How to complete this task: Copy out exactly the lines spanning the line with "Joie I-Spin 360" to the line with "Thermal Cycle Leg", inclusive, from the data underneath, with no pictures.

Supplied entries:
★ ★ ★ ★ ★ ★ ★

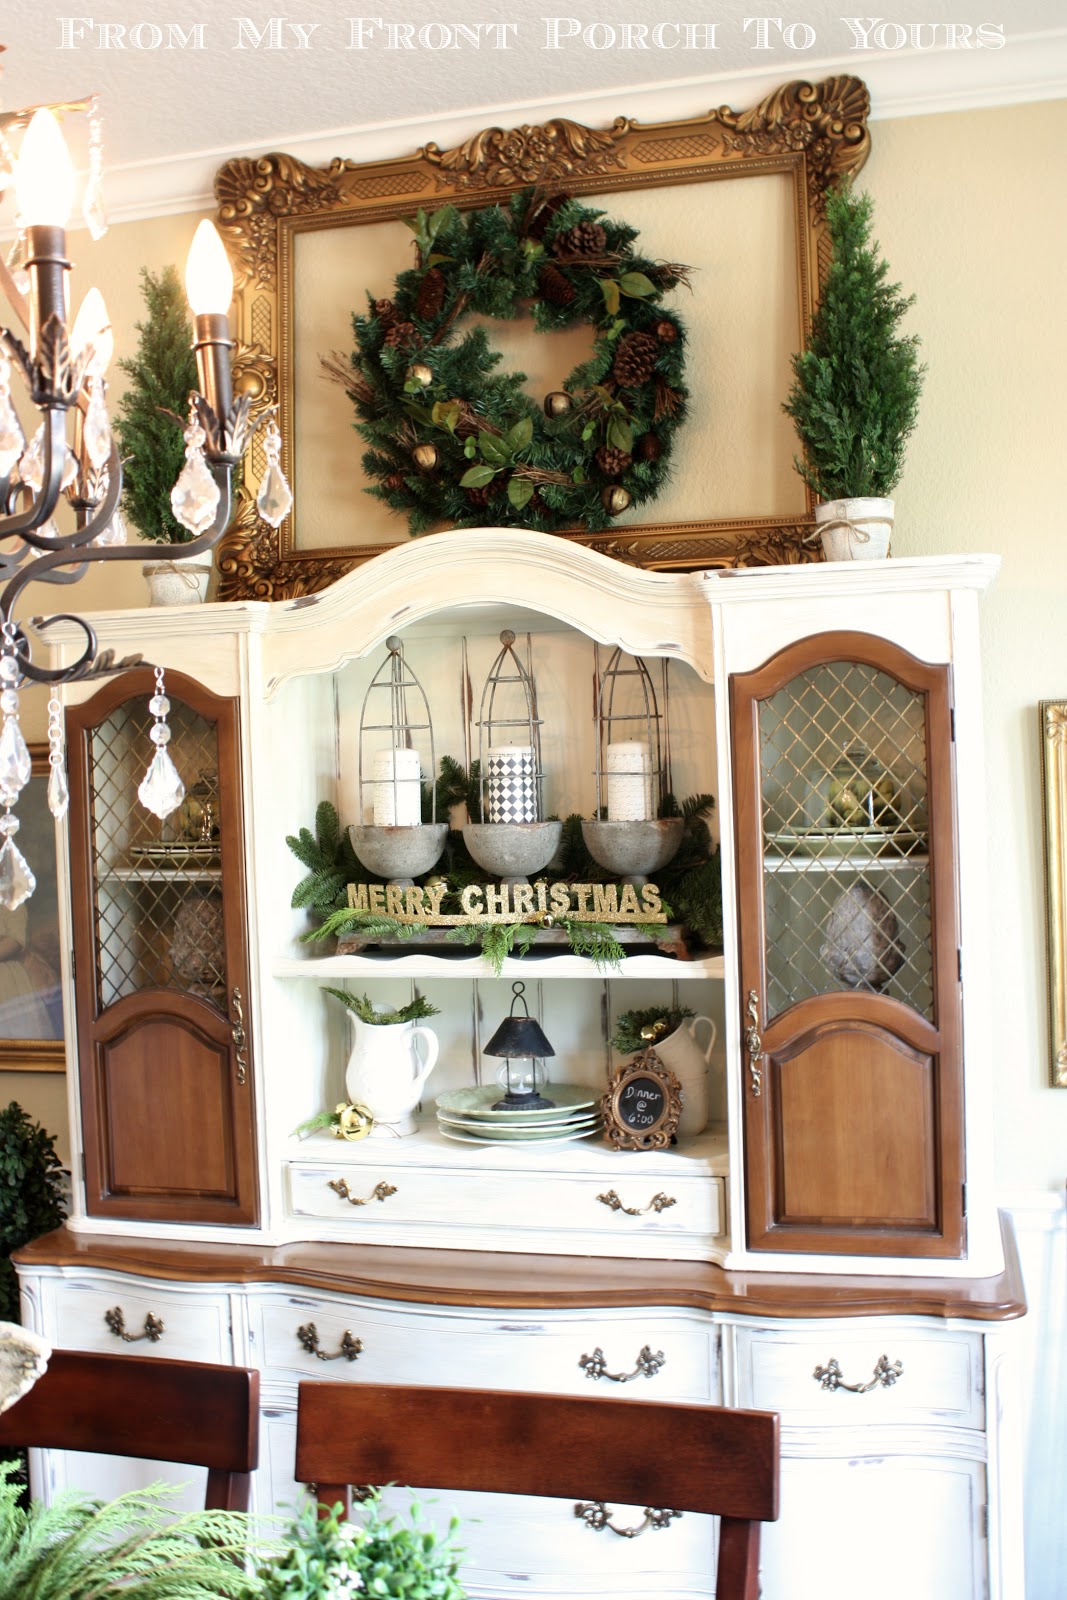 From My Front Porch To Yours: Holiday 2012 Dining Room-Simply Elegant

★ ★ ★ ★ ★ ★ ★

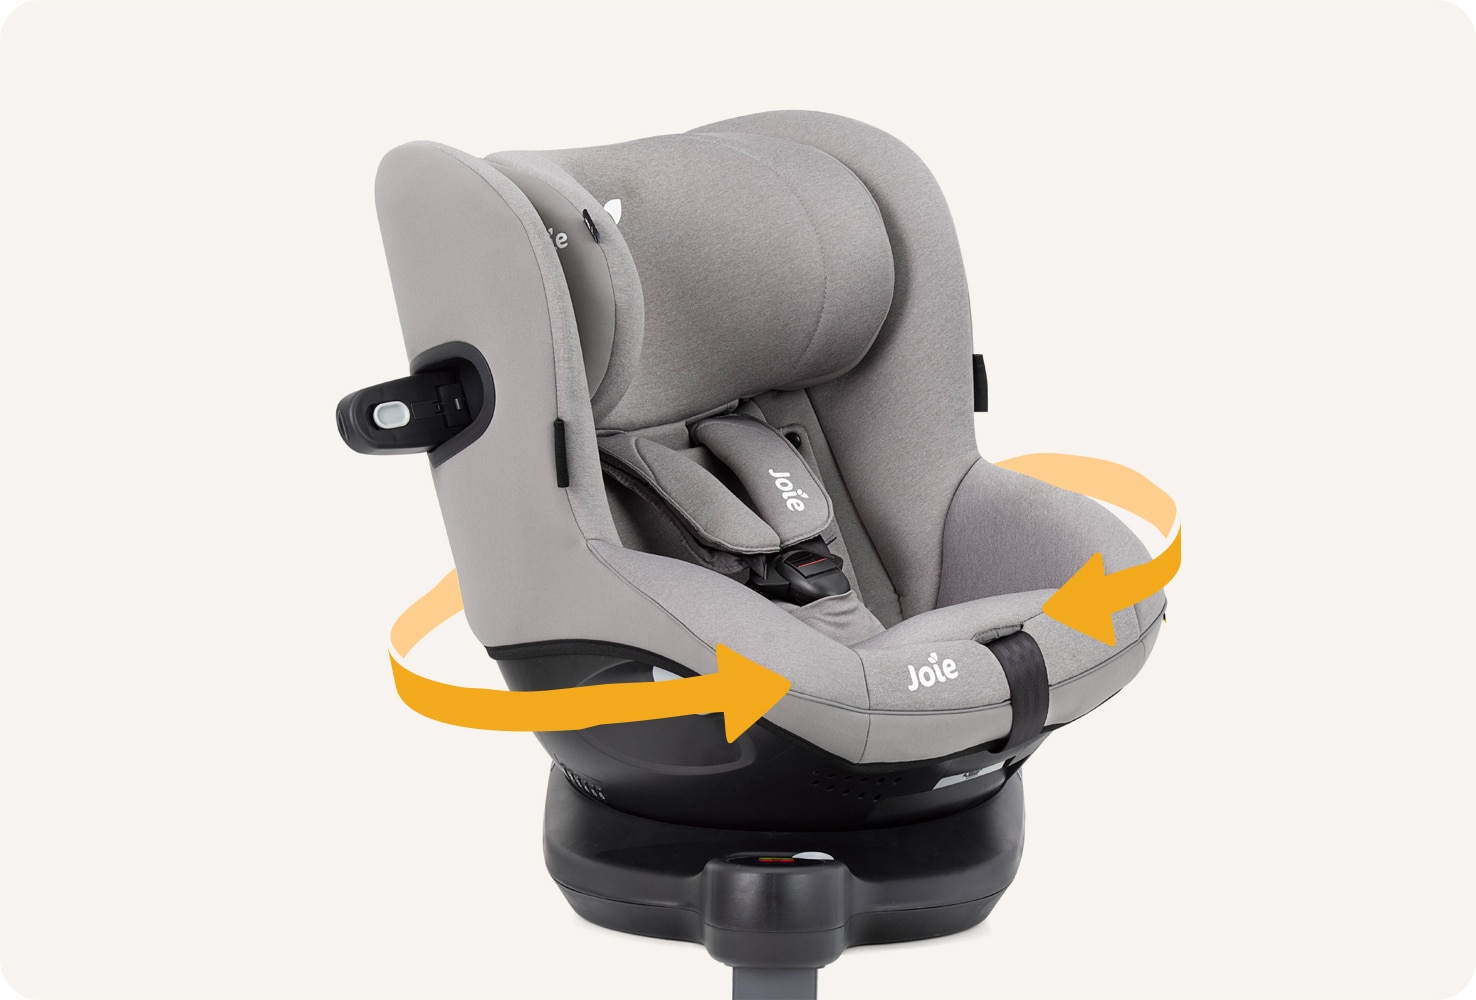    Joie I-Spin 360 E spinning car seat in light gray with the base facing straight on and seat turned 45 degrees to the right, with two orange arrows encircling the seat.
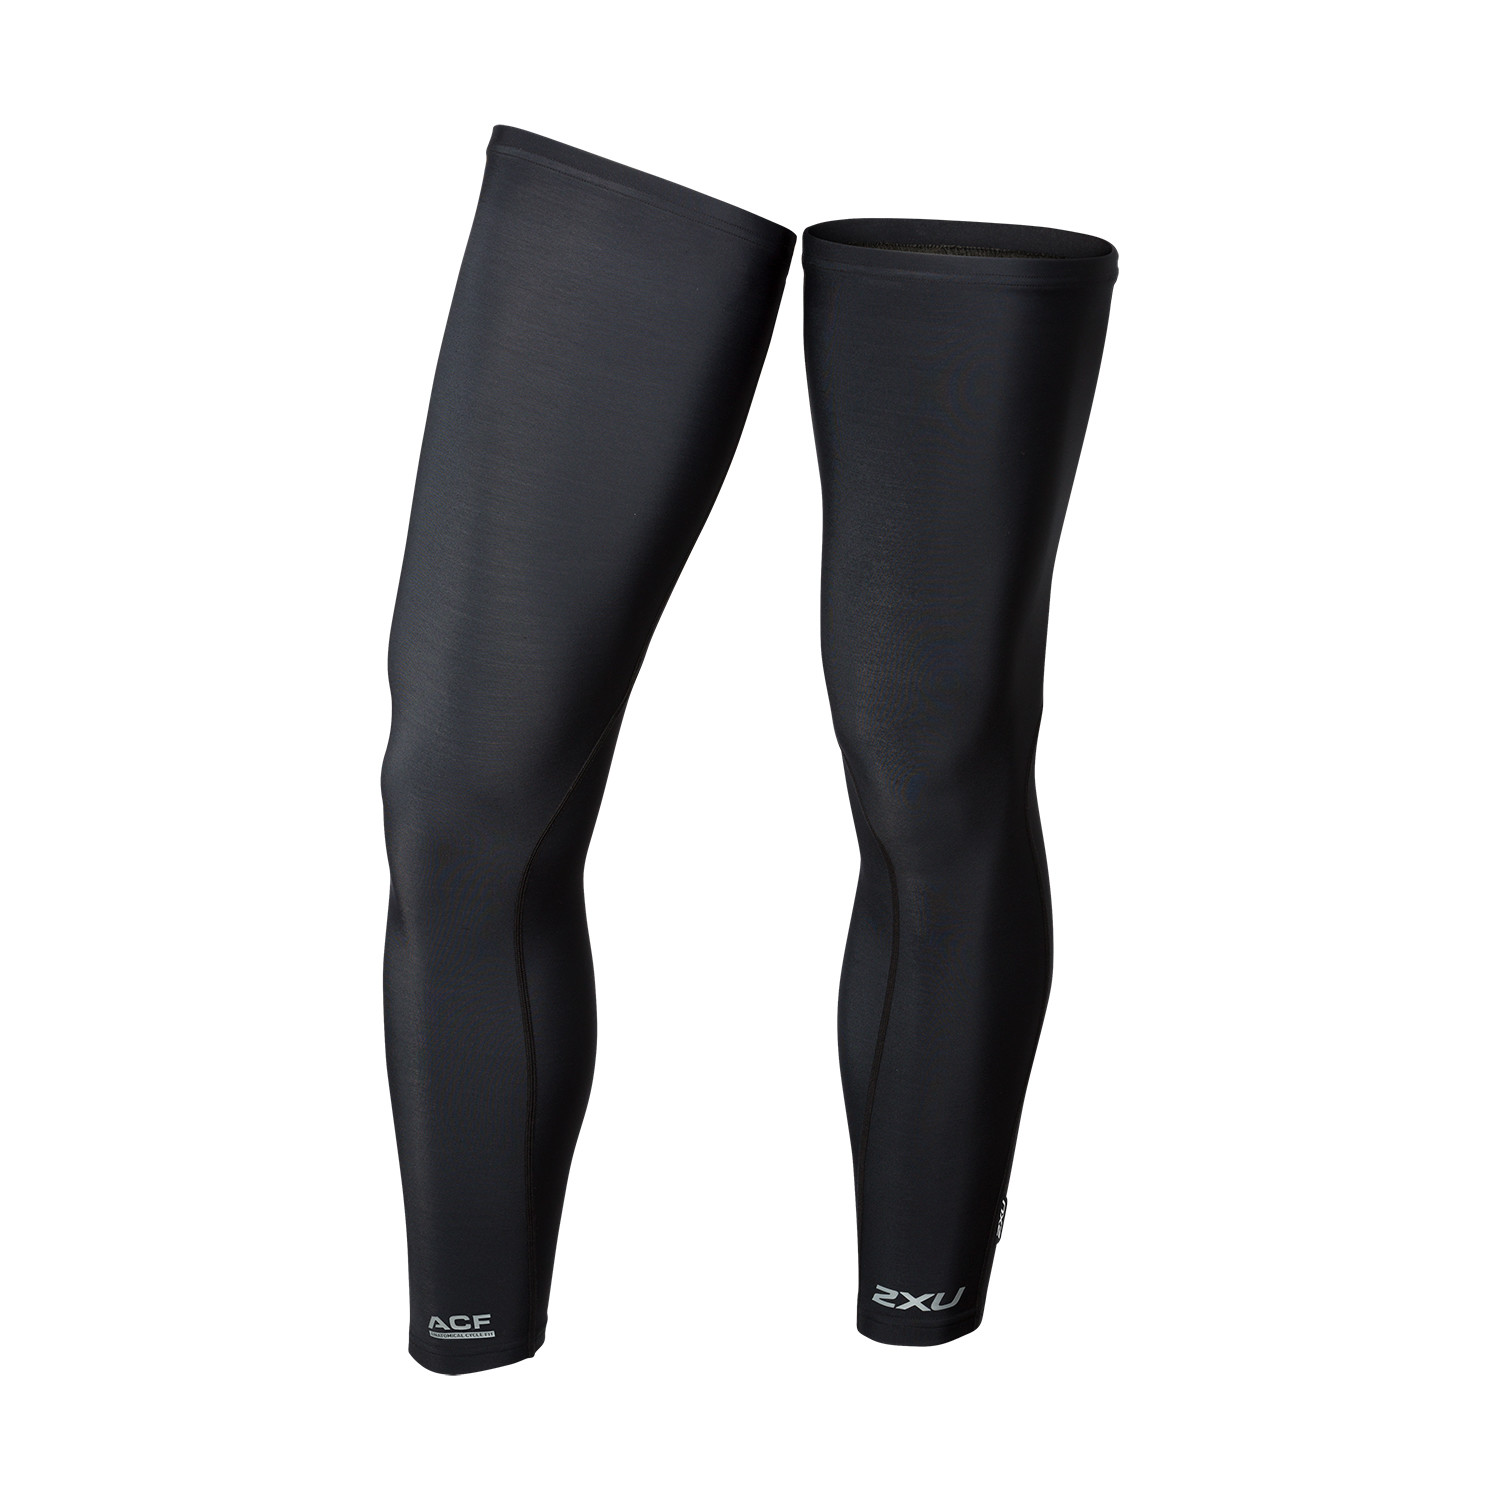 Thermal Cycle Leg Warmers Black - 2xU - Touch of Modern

★ ★ ★ ★ ★ ★ ★

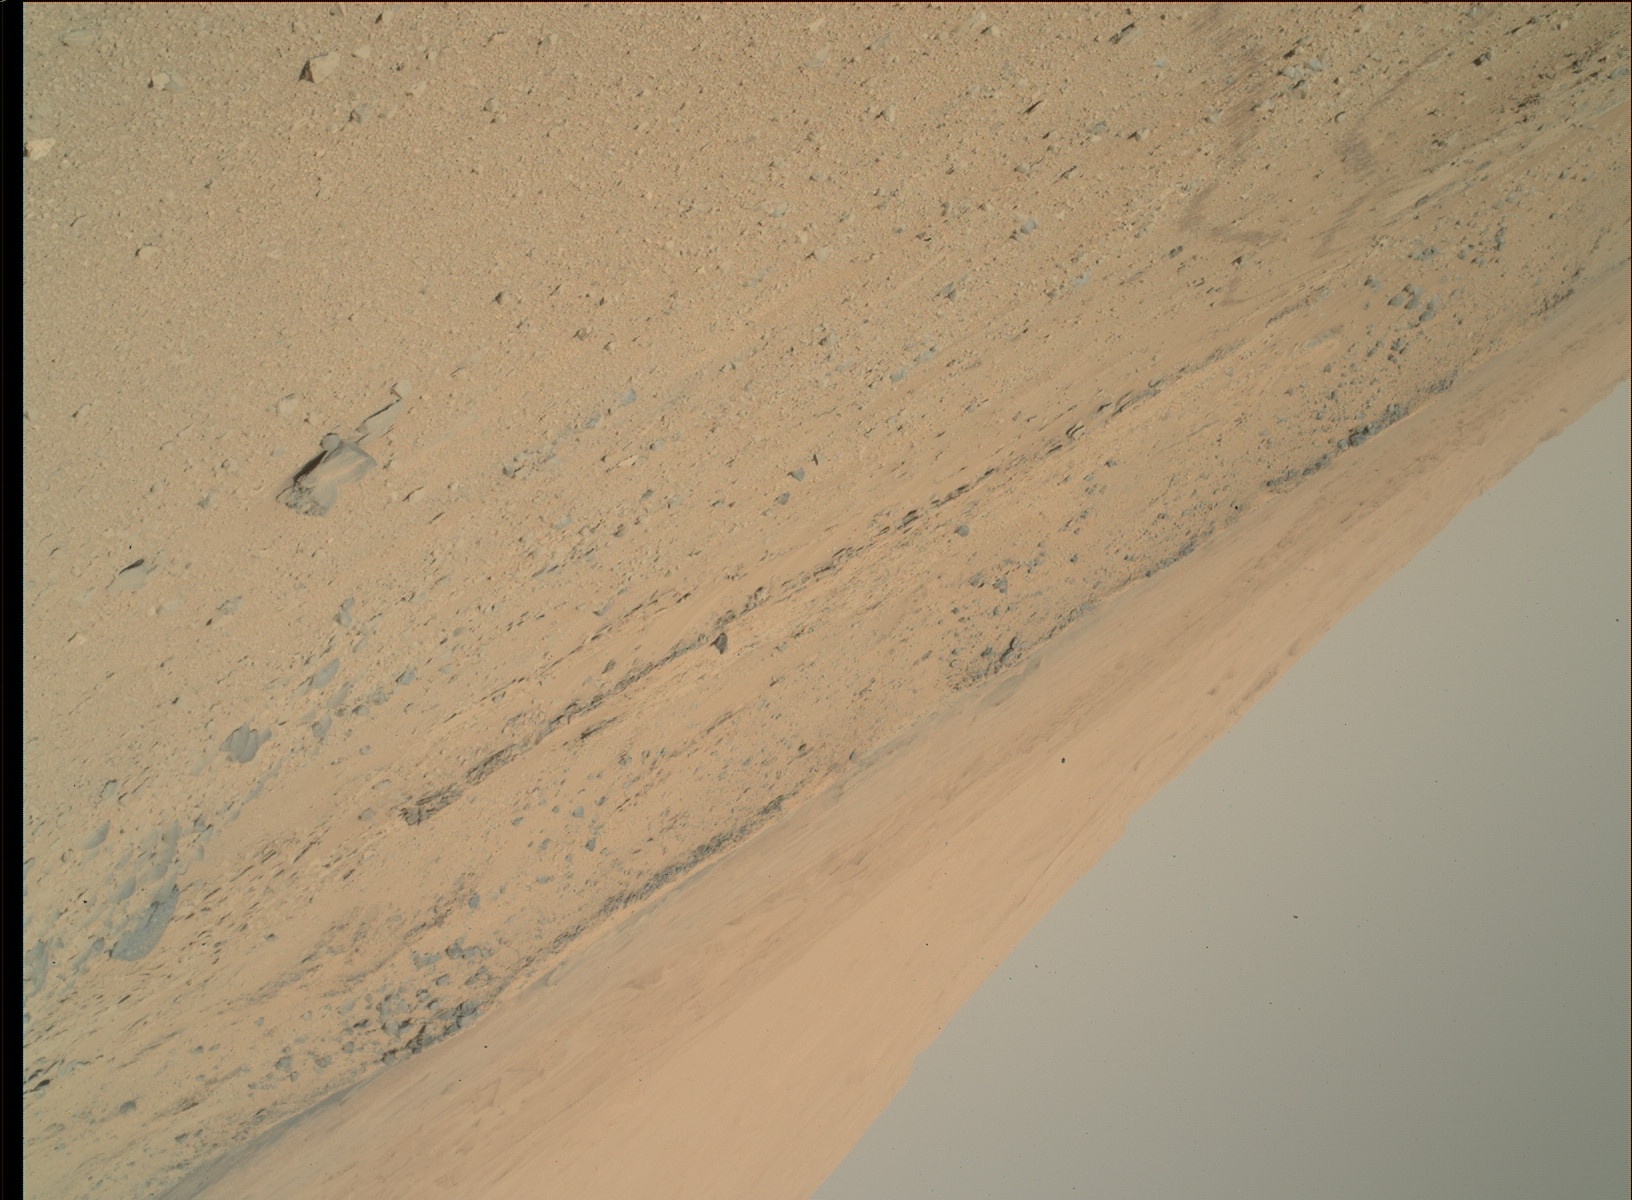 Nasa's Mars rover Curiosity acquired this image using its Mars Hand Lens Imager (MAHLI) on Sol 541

★ ★ ★ ★ ★ ★ ★

Expected answer:
    Joie I-Spin 360 E spinning car seat in light gray with the base facing straight on and seat turned 45 degrees to the right, with two orange arrows encircling the seat.
 Thermal Cycle Leg Warmers Black - 2xU - Touch of Modern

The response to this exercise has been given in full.